Take the entries that follow and return exactly the lines from the one holding "S2 Maui Freespeed 75 Mast SDM (2020)" through the one holding "Eurovisión 2021 - Vive", both included. Nothing else is needed.

▶ _Study material_:
- Opening Delimiter -
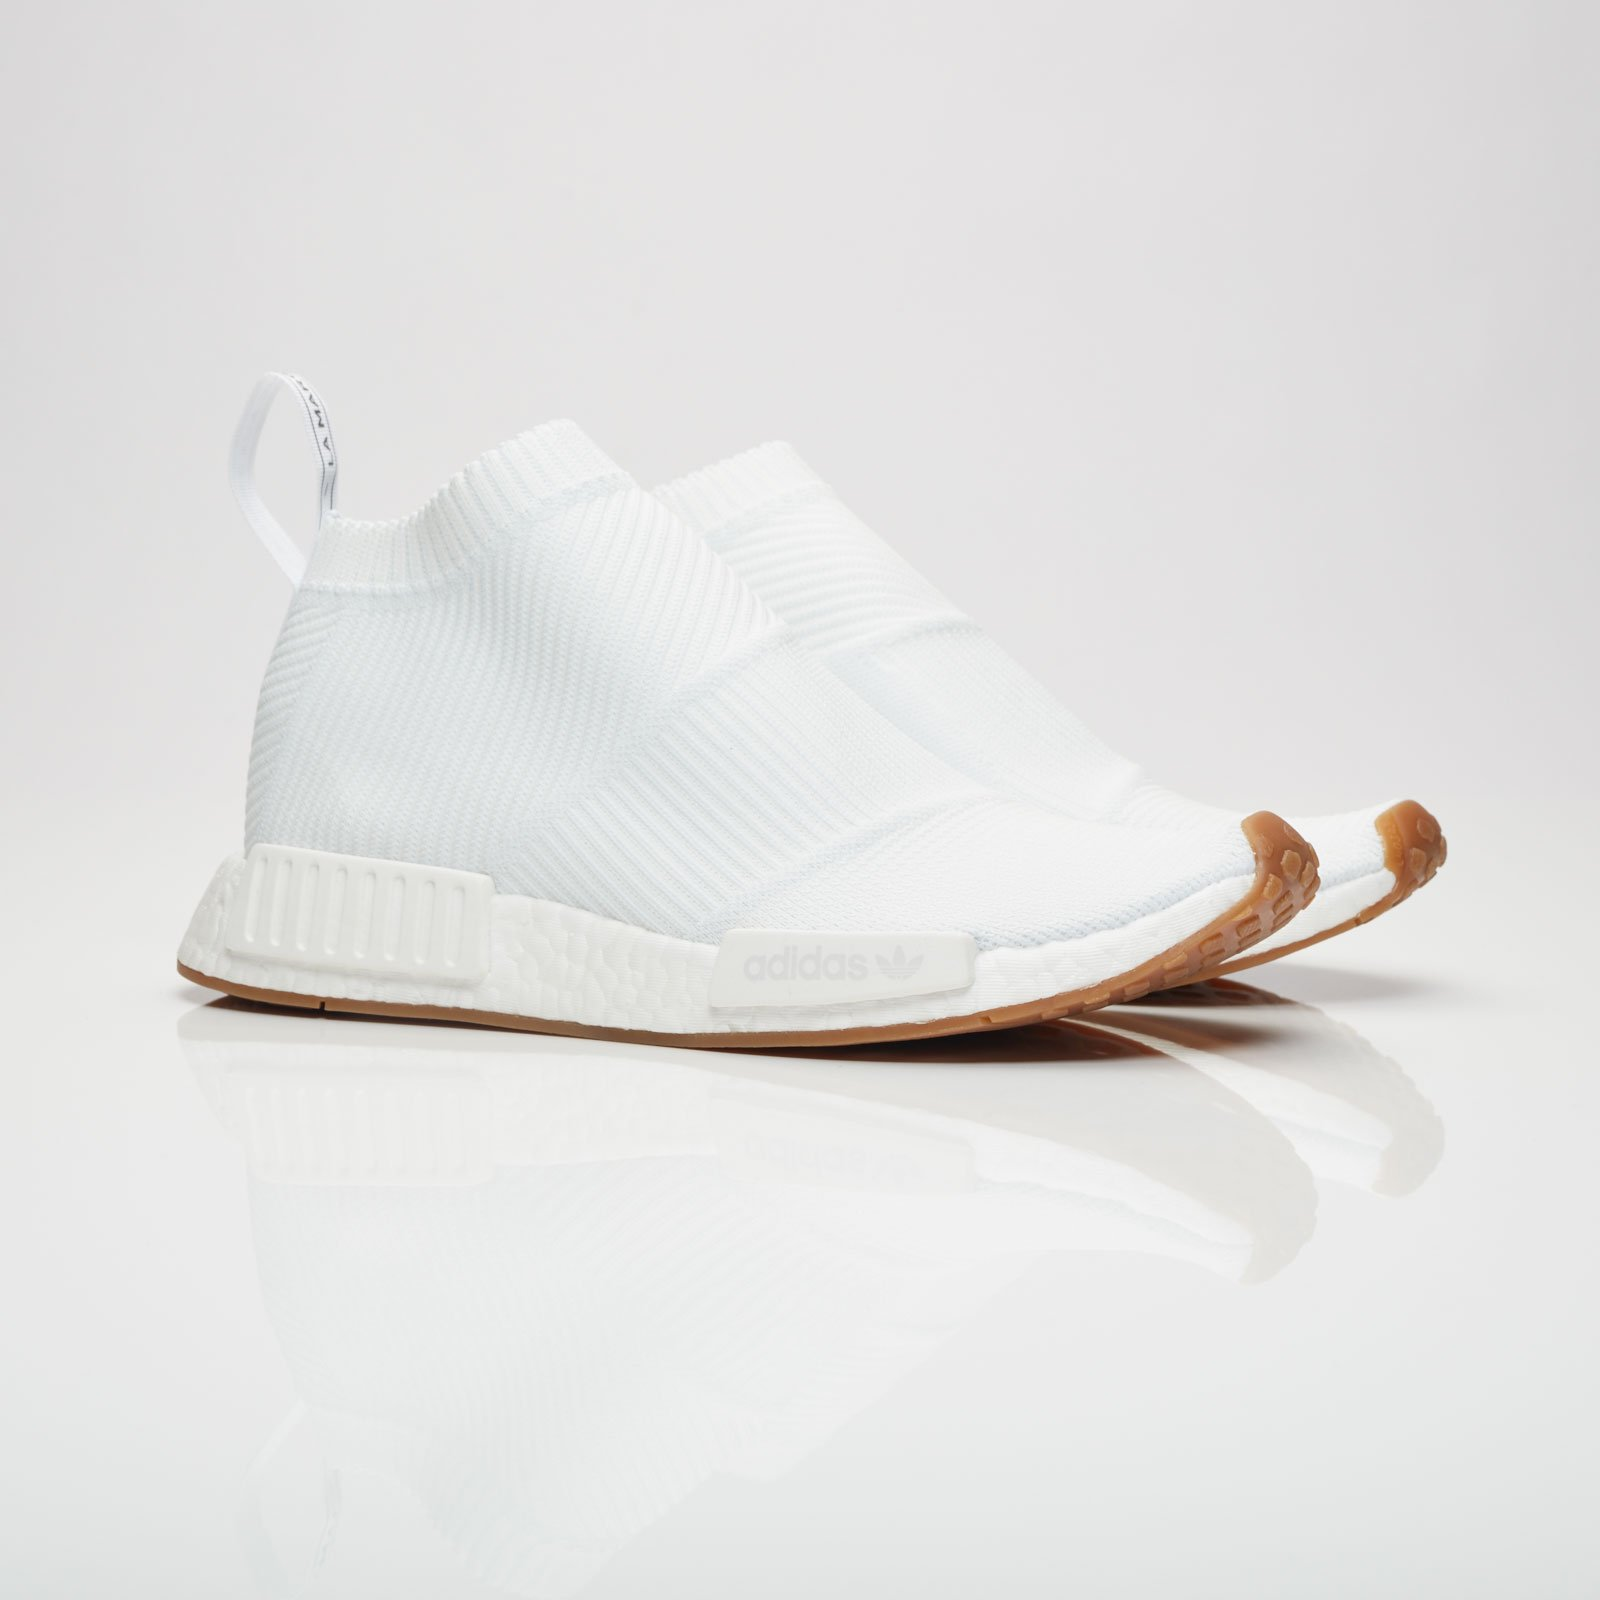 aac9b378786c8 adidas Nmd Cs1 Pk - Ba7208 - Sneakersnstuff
- Closing Delimiter -
- Opening Delimiter -
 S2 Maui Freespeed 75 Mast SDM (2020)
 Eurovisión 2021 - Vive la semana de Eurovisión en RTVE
- Closing Delimiter -
▶ _Your response_:
 S2 Maui Freespeed 75 Mast SDM (2020)
 Eurovisión 2021 - Vive la semana de Eurovisión en RTVE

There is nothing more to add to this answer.